YOUR INSTRUCTIONS
Restate the whole of the data below word for word, skipping the images.
== EXERCISE DATA ==
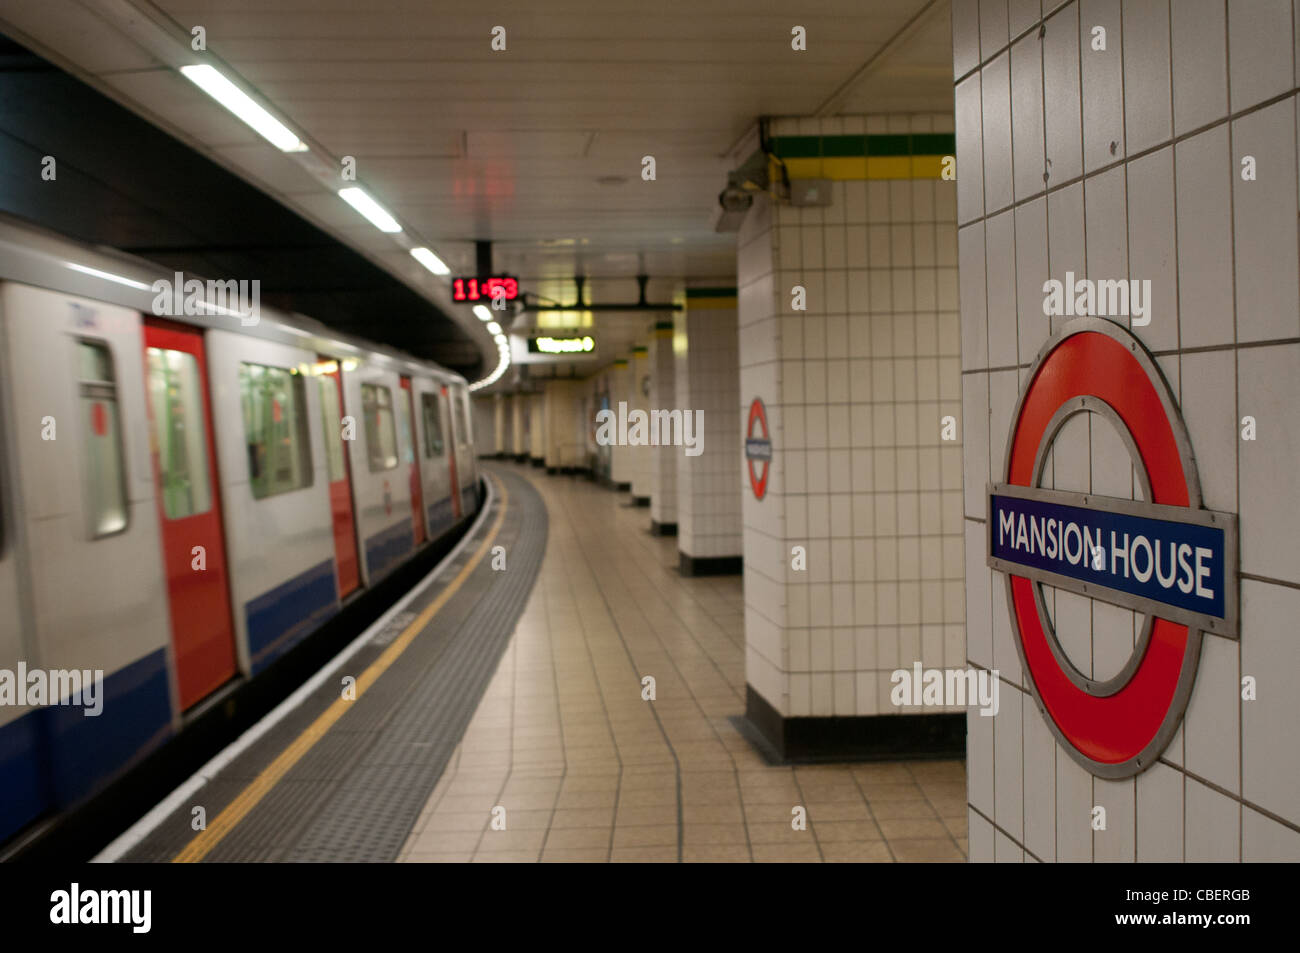 Mansion House Underground Station, London, England, UK Stock Photo
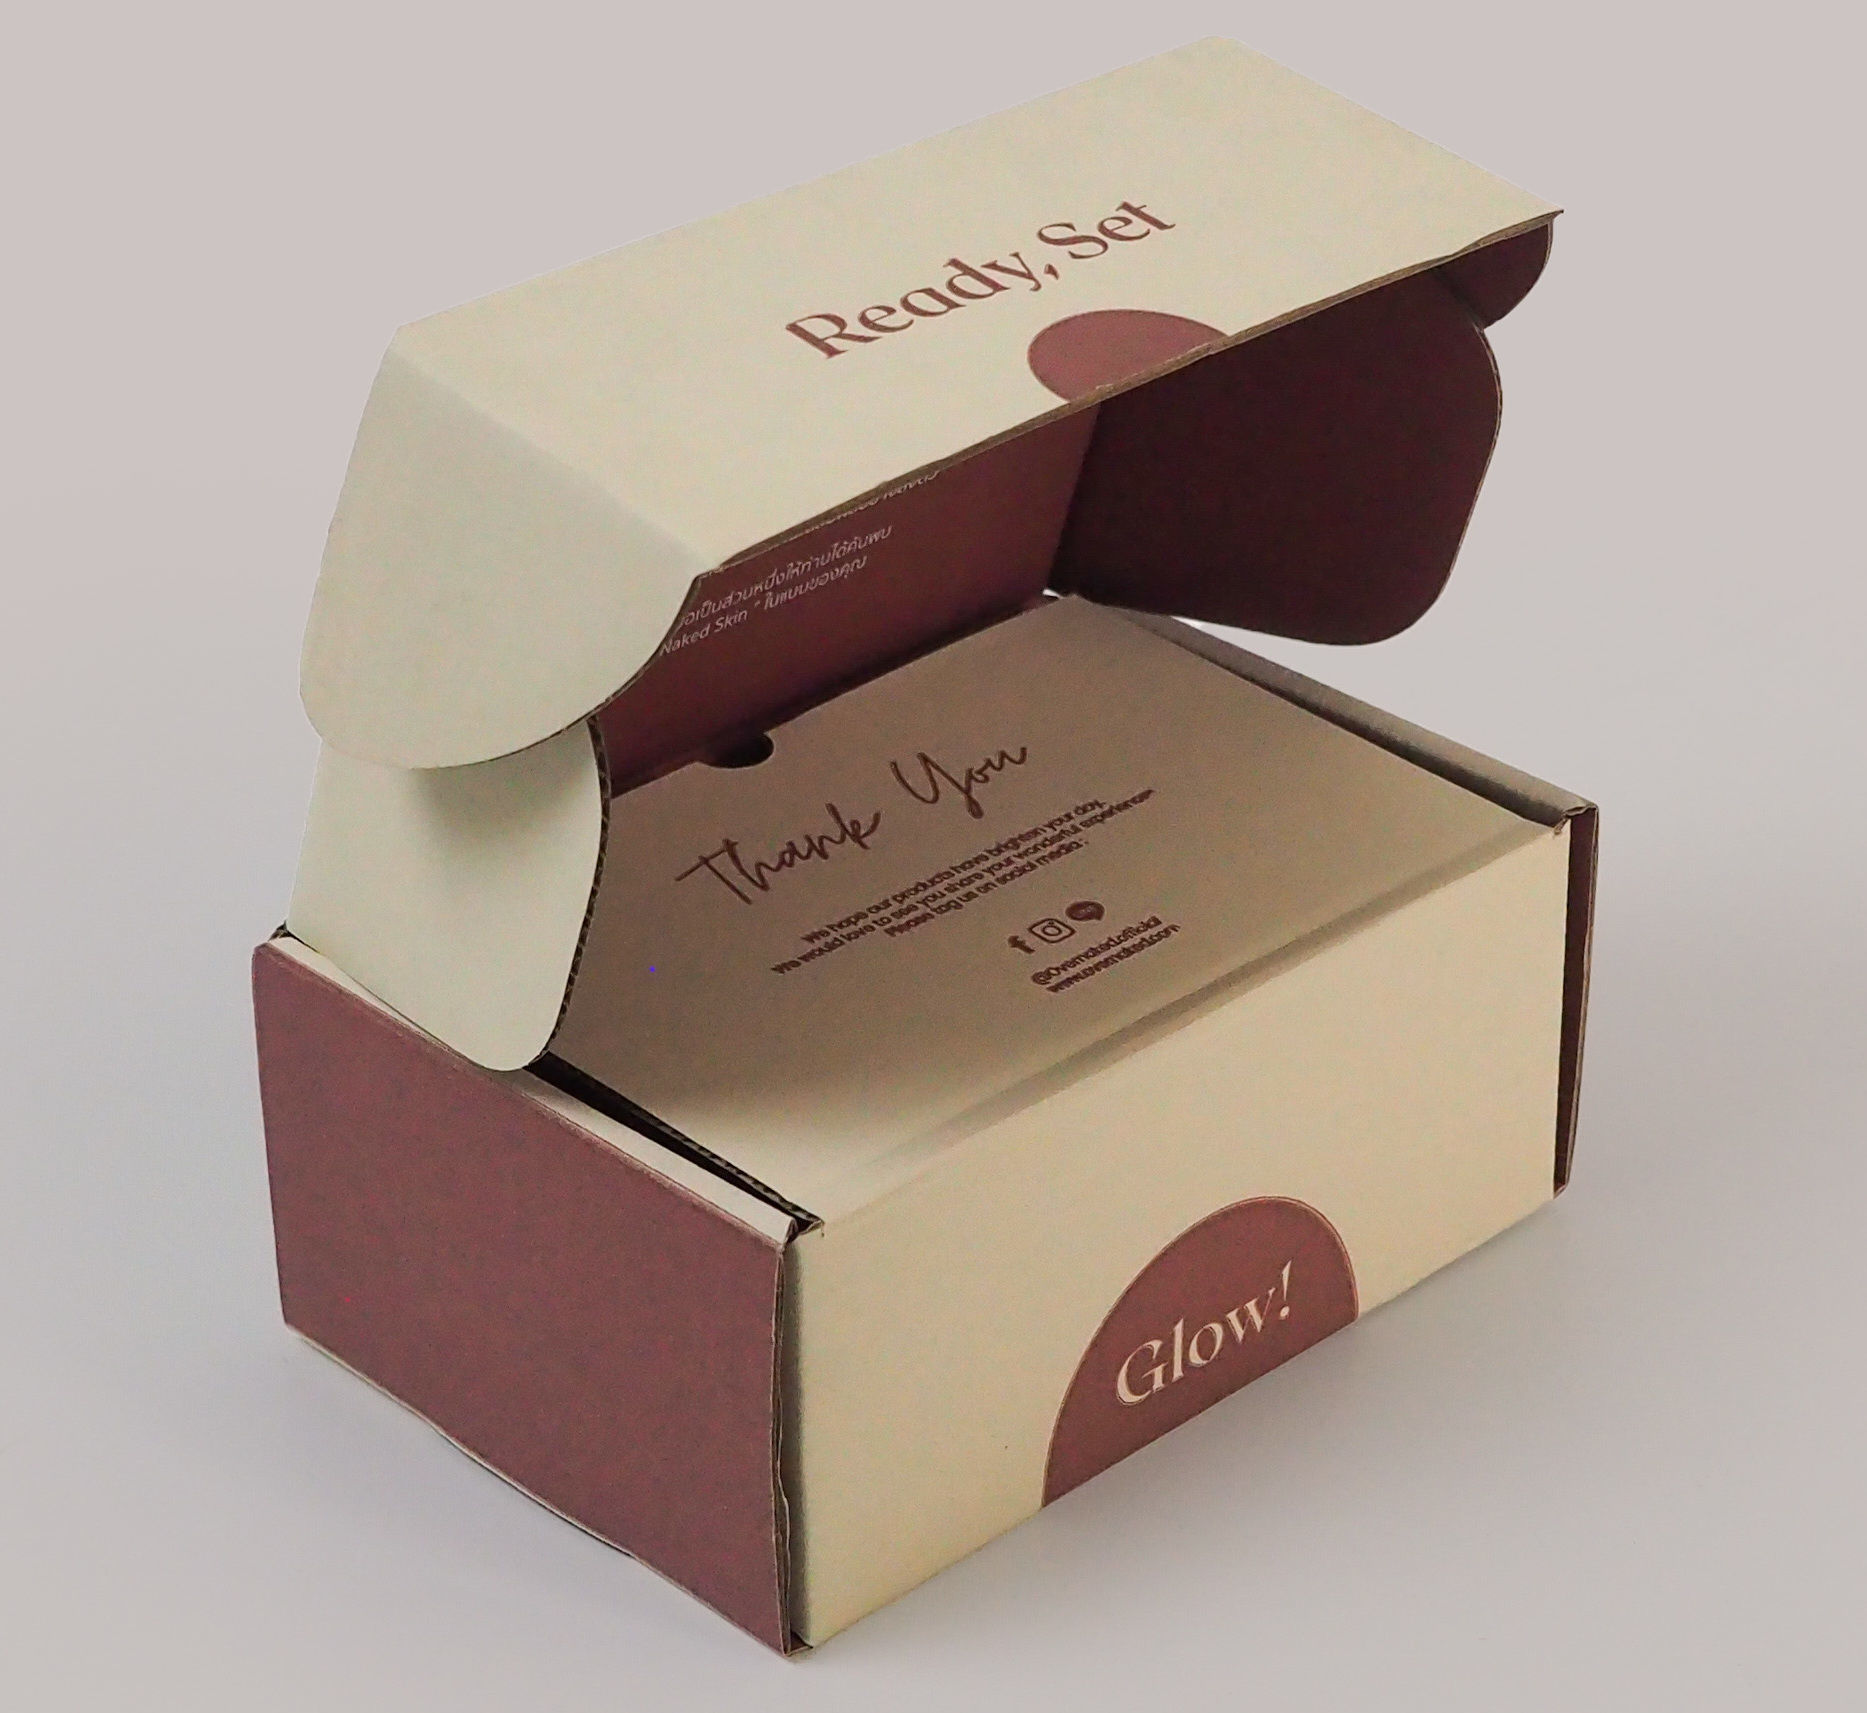 กล่องไปรษณีย์หูช้าง-มีฝาด้าใน Brand OVER NEKED,กล่องไปรษณีย์บอดี้แคร์ ออยล์บำรุงผิวกลิ่นหอม
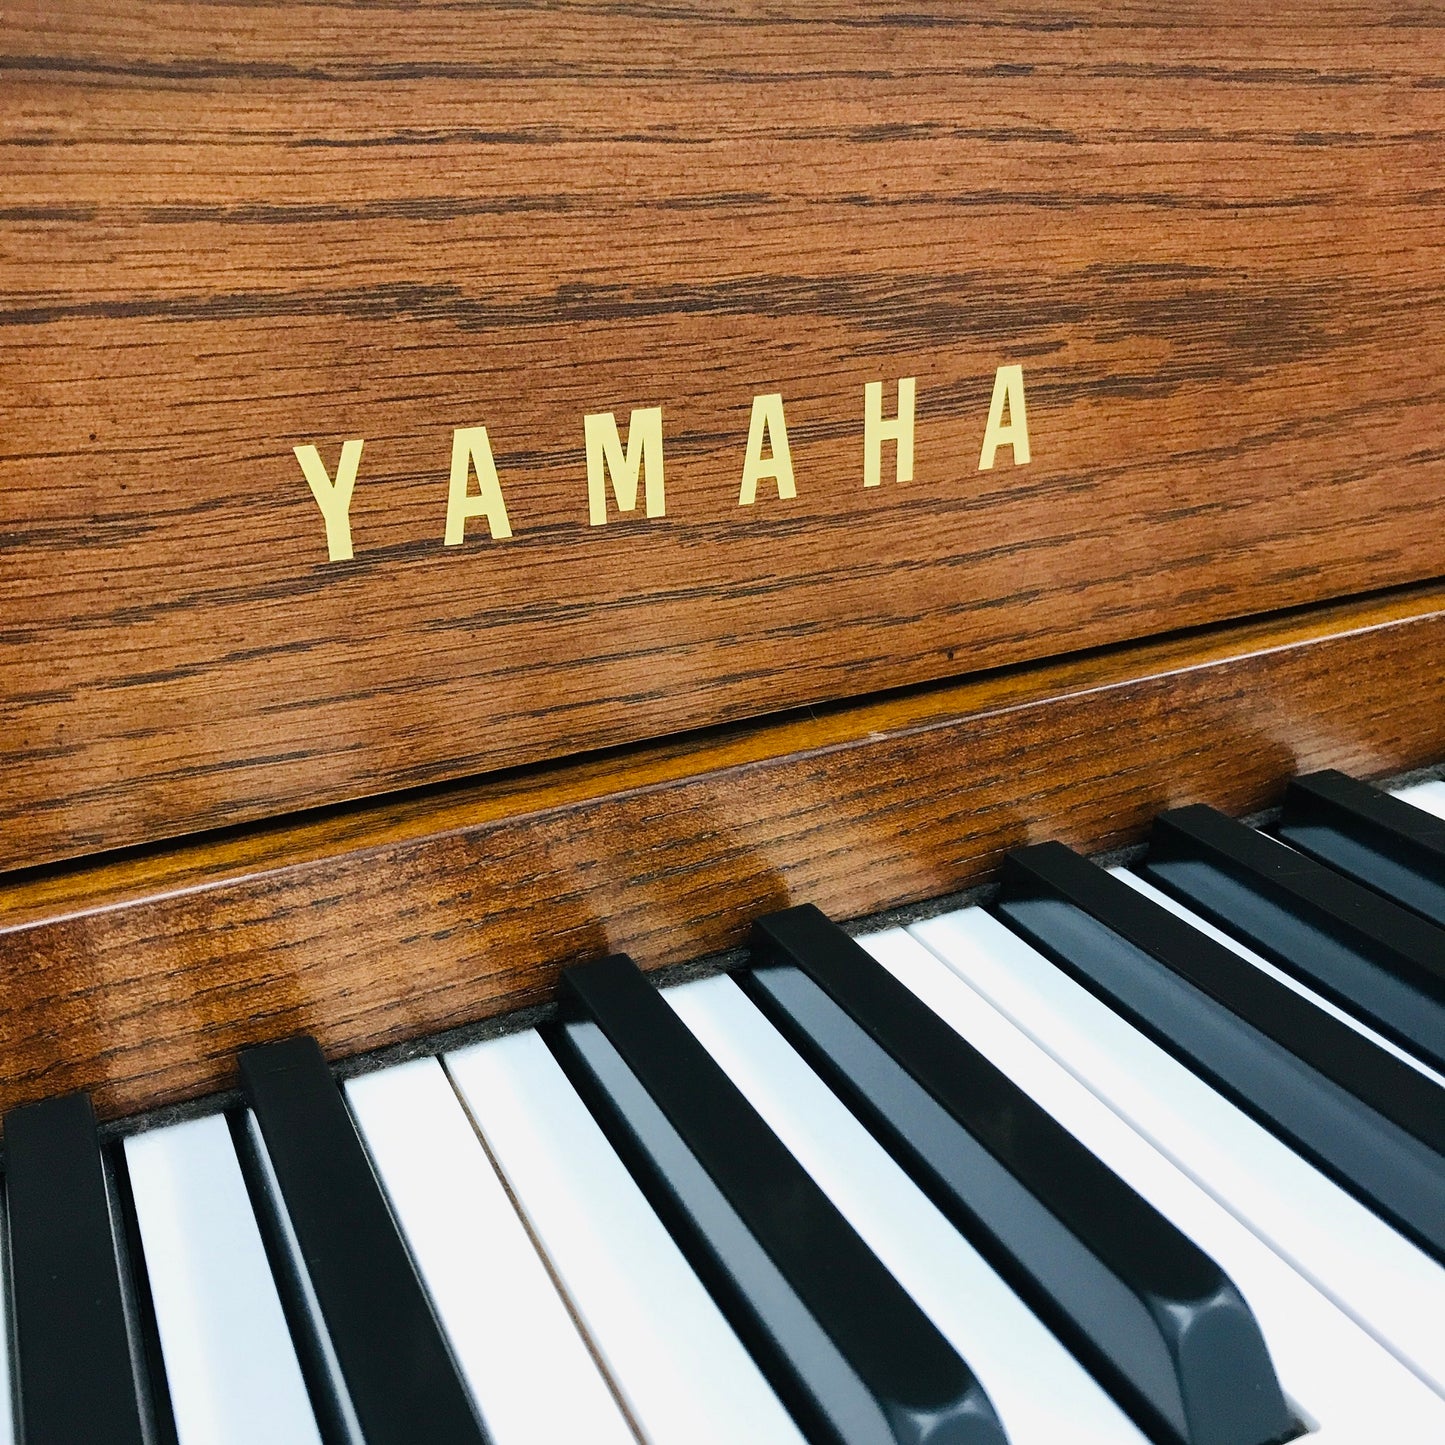 Yamaha M500 M Upright Piano
===
ANSWER BOX
 Mansion House Underground Station, London, England, UK Stock Photo
 กล่องไปรษณีย์หูช้าง-มีฝาด้าใน Brand OVER NEKED,กล่องไปรษณีย์บอดี้แคร์ ออยล์บำรุงผิวกลิ่นหอม
 Yamaha M500 M Upright Piano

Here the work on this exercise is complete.